Memphis Commercial Appeal  .  Posted August 8, 2012 at midnight

Developer has B&B plans for the historic James Lee House in Memphis

By Sherri Drake Silence, Linda A. Moore


Jose Velazquez unbars the door at the James Lee House. The president of the Memphis Association for the Preservation of Tennessee Antiquities said the venture could adversely affect the Woodruff-Fontaine House next door, but Velazquez is confident: “Their success is our success and vice versa.”

Jose Velazquez views a trove of old molding and fixtures at the James Lee House, where he hopes to open a bed and breakfast with five luxury suites. He said he expects to invest $2 million in the project, which could be complete by next summer.

The City Council gave initial approval to sell the James Lee House at 690 Adams in Victorian Village to a private developer for $1.

Unemployment. Interact with the latest unemployment numbers Search employment trends. Search our databases. A Memphis City Council committee gave initial approval to the transfer of the James Lee House in Victorian Village to a private developer for $1, but the project is still being scrutinized to ensure the city can legally part with the mansion.

Developer Jose Velazquez, former executive director of Latino Memphis, expects to invest $2.1 million in the historic site on Adams Avenue west of the medical center to open a bed-and-breakfast with five luxury suites and rates from $170 to $320 per night.

However, the plan was criticized during the council discussion by Jane Work, board president of the Memphis chapter of the Association for the Preservation of Tennessee Antiquities. Work said a B&B at the Lee House could jeopardize the Woodruff-Fontaine House, a restored historic home next door.

The city also owns the Woodruff-Fontaine House, built in 1870, but the site is operated by the local APTA, which gets no money from the city or the state, said Work, who herself is a volunteer.

The proposed city transfer of the now empty Lee House includes a fountain and parking lot on the shared property, both of which are crucial to the wedding-party business that funds the Woodruff-Fontaine House, Work said.

She told the council committee that if Velazquez changes his business plan or sells the property, the Woodruff-Fontaine House could be forced to shut down.

"I think we could become the next empty hulk on Adams Avenue if something isn't done," said Work, who was not notified about the project and learned about Tuesday's meeting on Facebook.

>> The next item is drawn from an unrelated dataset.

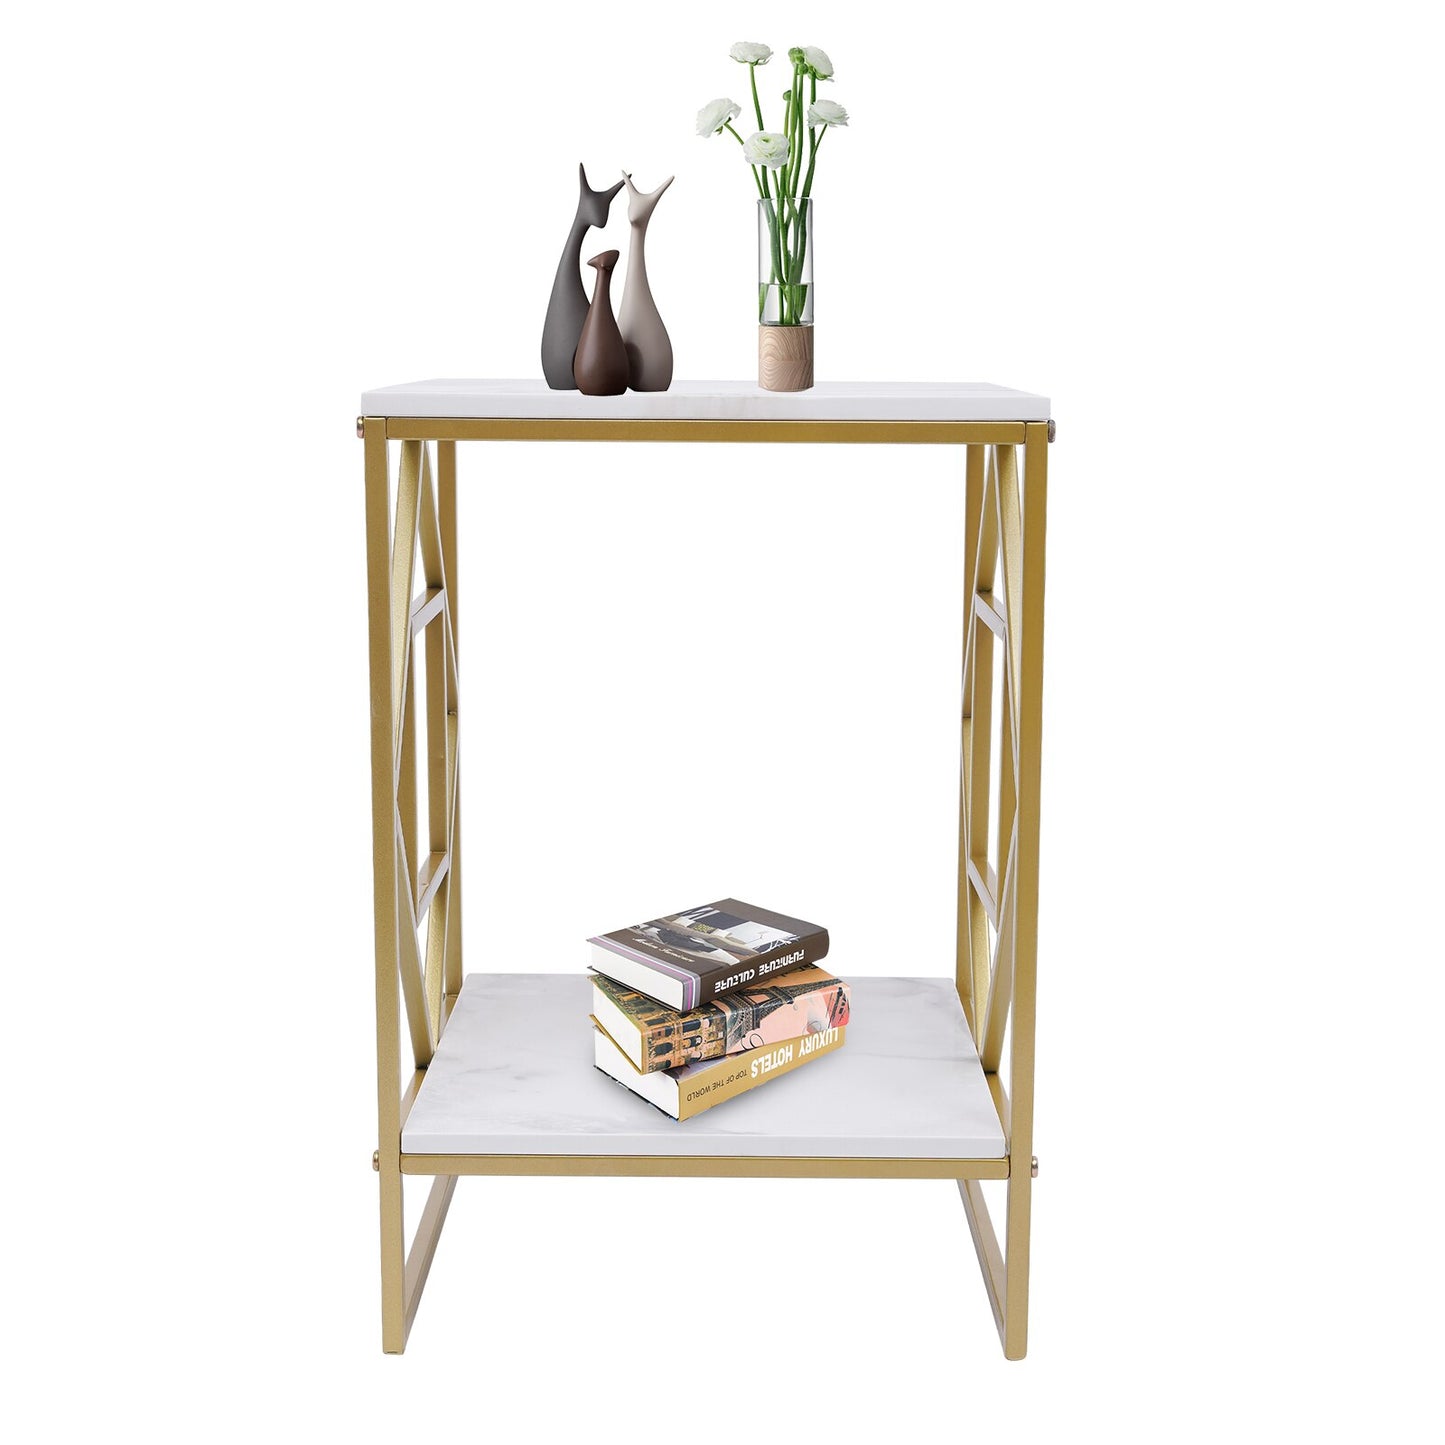 Modern Gold Painted End Table Minimalist Design End Table Tabletop Nightstand

Velazquez did not get a chance to speak at Tuesday's council meeting, but said afterward he's spent 14 months preparing for the Lee House project and intends to work closely with Woodruff-Fontaine volunteers

"Their success is our success and vice versa," said Velazquez as he gave a visitor a tour of the mansion. "I think that we have been extremely careful to cross all the T's and dot all the I's." The 8,100-square-foot Lee mansion at 690 Adams, was originally built as a two-story brick farmhouse in 1848, but was refashioned into an elaborate mansion.

In 1890, riverboat tycoon James Lee bought the house. His daughter, Rosa Lee lived there for decades. She purchased the Woodruff-Fontaine House next door and established an art academy on the property.

Rosa Lee died in 1936, leaving the houses to the city for use as an art school. The Memphis Academy of Art (now the Memphis College of Art) operated there until 1959.

Despite grass-roots efforts to restore it, the house has remained vacant.

When the Center City Commission, now the Downtown Memphis Commission, began efforts to market the historic property, Velazquez came forward with a plan. But the project needs APTA's support to be successful, said Paul Morris, president of the Downtown Commission.

"Now we've got to go back and solve the APTA issue, and we have to have another presentation to City Council," Morris said.

Velazquez and his wife Jennifer have wanted to open a bed-and-breakfast since they stayed in B&Bs on their honeymoon 23 years ago. They plan to live on the third floor of the Lee House when the restoration is complete.

"We are taking our family's resources and passion and pouring it into this place, something that hasn't happened for 60 years," said the developer, standing in the mansion's parlor, which has 12-foot-plus ceilings and marble Victorian fireplaces.

Velazquez said he's already getting calls from people who want to book rooms at the future business, though he doesn't expect to complete the restoration until spring or summer of 2013.

Peggy Lovell, past president of the Memphis chapter of APTA and current chairman of Victorian Village Inc., said the project is good for Victorian Village. "This is going to be the catalyst to make things happen around here."

Another historic mansion in Memphis, the Hunt-Phelan Home on Beale Street, went up for sale last month for $2.865 million. It was last open to the public as a bed-and-breakfast and four-star restaurant, but those operations are now closed.